It’s the time of year when the number of potential contenders has dwindled to a precious few, and Oscar watchers tick them off one by one: “The Irishman” at the New York Film Festival in late September, “Little Women” on Oct. 23, “Dark Waters” on Oct. 28, “Richard Jewell” at the AFI Fest in November, “1917” at some indeterminate time after that… This week saw one more box get checked — Jay Roach’s “Bombshell,” the story of the fall of Fox News’ Roger Ailes that shouldn’t be confused with the 2018 documentary “Divide and Conquer” or “The Loudest Voice,” the Showtime miniseries starring Russell Crowe as the influential but disgraced Fox maven.
Roach’s version, which screened for the first time on Sunday, first for a SAG audience and then for a mixture of guilds, press and tastemakers at a swanky Pacific Design Center soiree, got awards folks excitedly buzzing for its focus not on Ailes (played by John Lithgow) but on the newswomen he was accused of harassing: Megyn Kelly (Charlize Theron, also one of the film’s producers), Gretchen Carlson (Nicole Kidman) and a fictional composite who in this telling goes by the name of Kayla Pospisil (Margot Robbie).
All three actresses are clearly in the awards race, though Kidman may suffer from having a supporting role that’s not quite as meaty as Robbie’s. (In Best Actress, Theron is a potential rival to Renée Zellweger as Judy Garland for the win.) This is the movie that asks a simple question: Will Hollywood liberals vote for a movie that asks them to think of Megyn Kelly and Gretchen Carlson as heroines because they stood up to the repulsive Ailes? Will the spirit of #MeToo trump (no pun intended) the natural distaste much of the Academy has for everybody who’s ever had anything to do with Fox News? Maybe.
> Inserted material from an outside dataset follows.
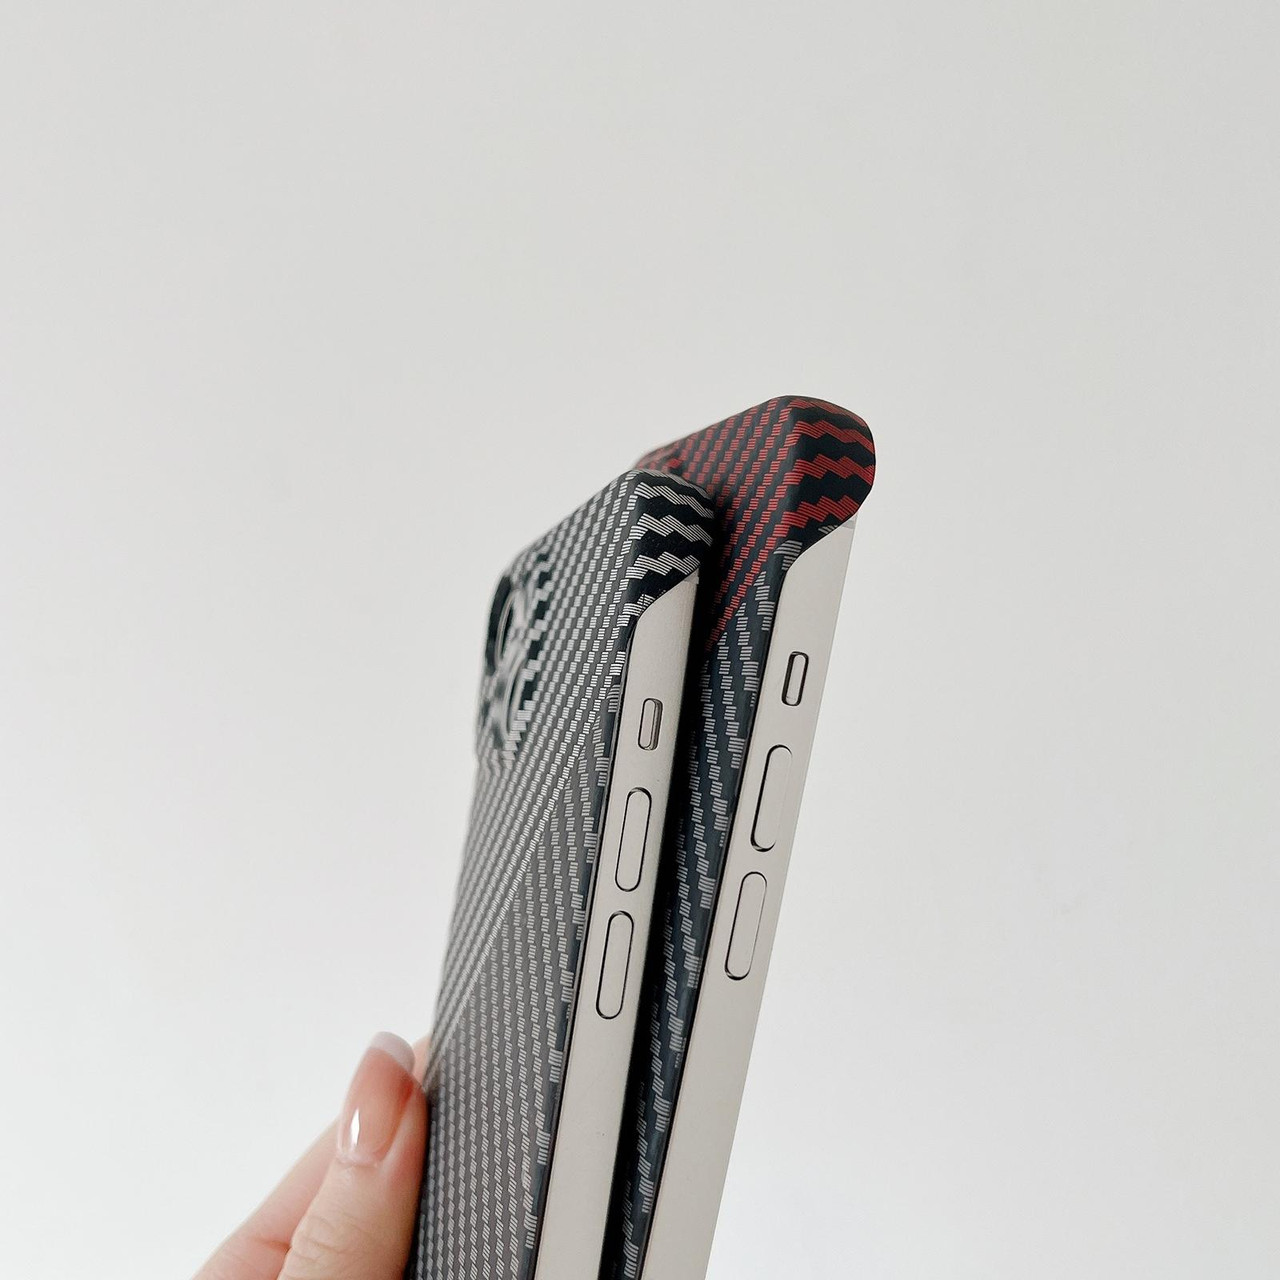 X-LEVEL Nano Kevlar Series for iPhone 14 Pro Max Carbon Fiber
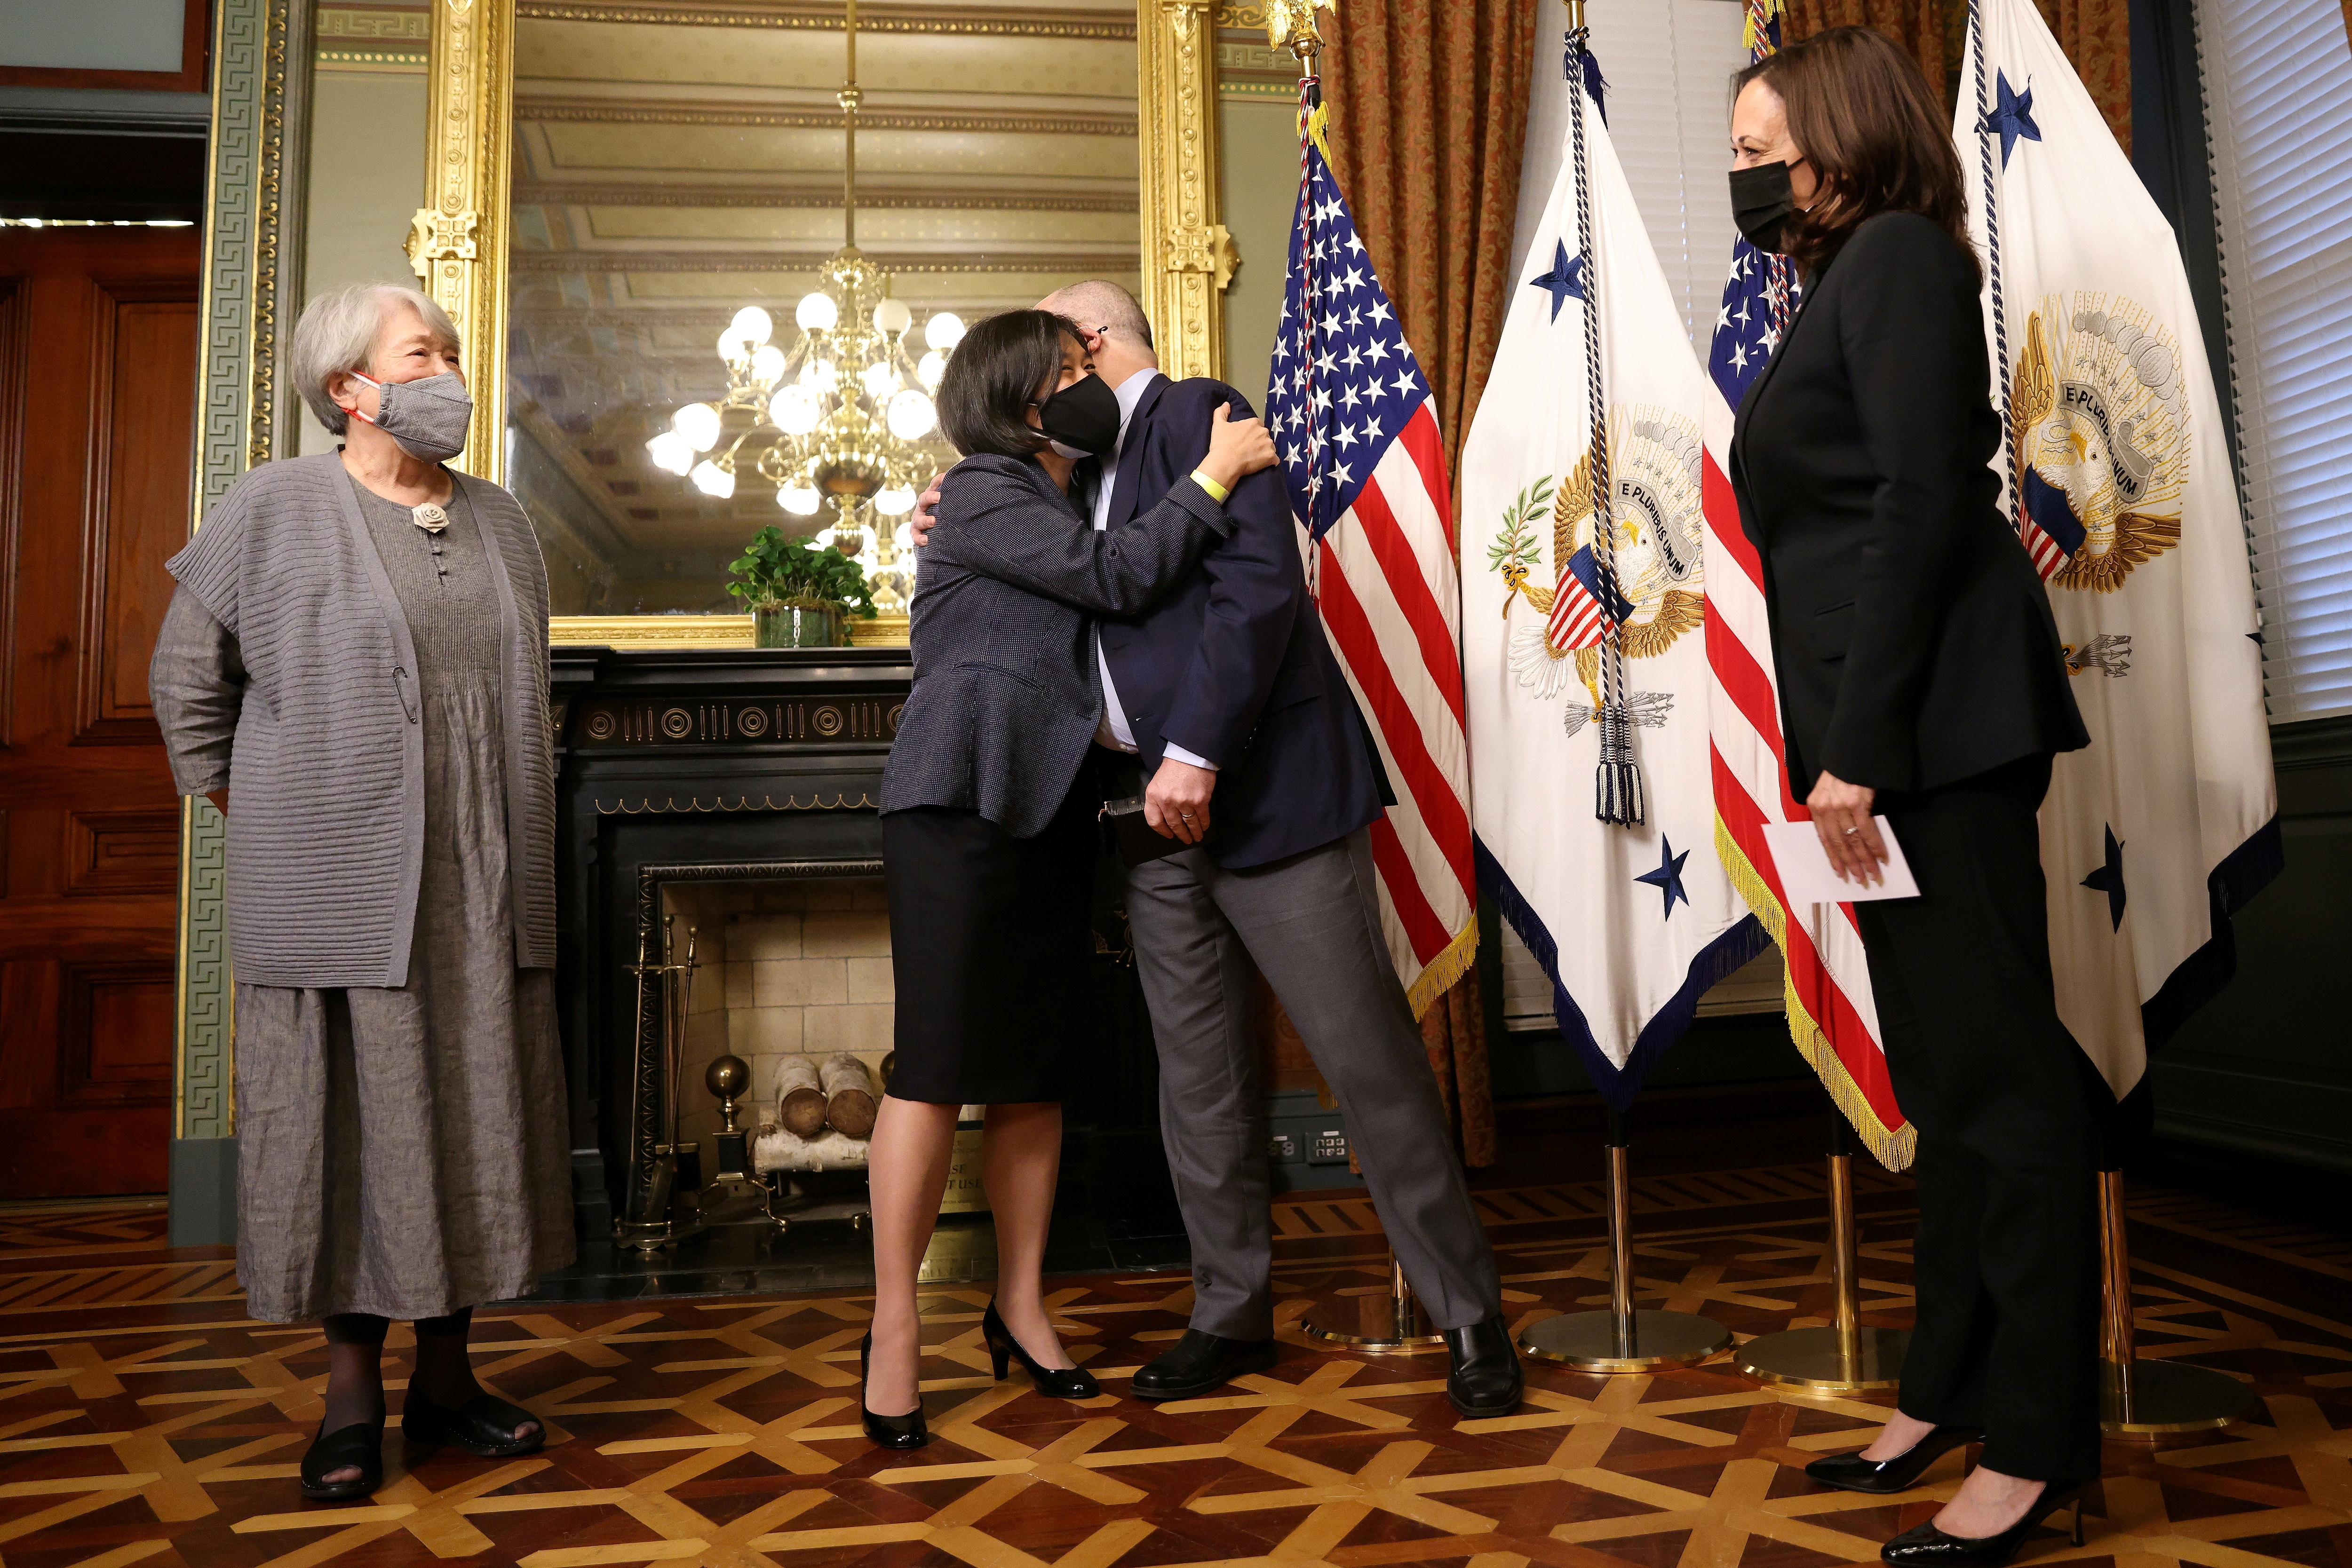 Vice President Kamala Harris ceremonially swears in Trade Representative Katherine Tai at the White House

By the way, TheWrap was amused to find that in a particularly heated scene in the Fox newsroom, as Carlson’s charges against Ailes are starting to get attention, somebody shouts, “Have you seen TheWrap?” At the reception afterwards, Roach told Sharon Waxman he didn’t know how that line got in the shooting script.
On Monday, the day after the “Bombshell” unveiling, the Oscar category formerly known as Best Foreign Language Film and now retitled Best International Feature Film kicked off 47 nights of screenings in 57 days with a double bill of Brazil’s “Invisible Life” and Lithuania’s “Bridges of Time.” Attendance at the first few screenings, which are divided between the Academy’s Samuel Goldwyn Theater in Beverly Hills and the Linwood Dunn Theater in Hollywood, was reportedly on the sparse side, but there’s lots of time left for things to pick up: A full 93 films are in contention, the most ever in the category.
As the screenings began, of course, one question hung over the entire field: Can anything possibly beat South Korea’s entry, Bong Joon Ho’s Palme d’Or winner “Parasite”? And the question became more pointed considering that the official Oscar screenings launched the day after a weekend in which “Parasite” set a box office record for the highest per-screen average of any film not in English.
I suspect that the answer is no, nothing can beat “Parasite” if the film lands key nominations outside the international-film category, particularly if it is nominated for Best Picture and/or Best Director. If it doesn’t have that imprimatur of quality, who knows? Oscar voters in the category can be notoriously unpredictable and sometimes timid in their choices, and “Parasite” is a bold and unnerving film.
“The Painted Bird”
Speaking of bold and unnerving… I’ve seen 21 of the international 93 entries so far, starting with “Les Misérables,” “Atlantics,” “Pain and Glory,” “The Whistlers,” “Parasite” and “Homeward” back at the Cannes Film Festival in May. And I have to say, voters had better be prepared, because two of the entries I’ve seen in the last week are among the most brutal filmgoing experiences I’ve had in a long time: the Czech Republic’s entry, Vaclav Marhoul’s near three-hour adaptation of the Jerzy Kosinski novel “The Painted Bird,” and Russia’s “Beanpole,” by young director Kantemir Balagov.
“The Painted Bird” is set during World War II, and follows a young Jewish boy who wanders through Eastern Europe and quietly suffers unspeakable horrors at the hands of almost everyone he encounters; “Beanpole” is set in a ravaged Leningrad just after the war, and contains two lengthy scenes — one of death, one of sex — that are almost unendurable. Both films are gorgeous to look at, both are extremely powerful and it wouldn’t surprise me to see one or both end up on the short list, but they are not easy to sit through.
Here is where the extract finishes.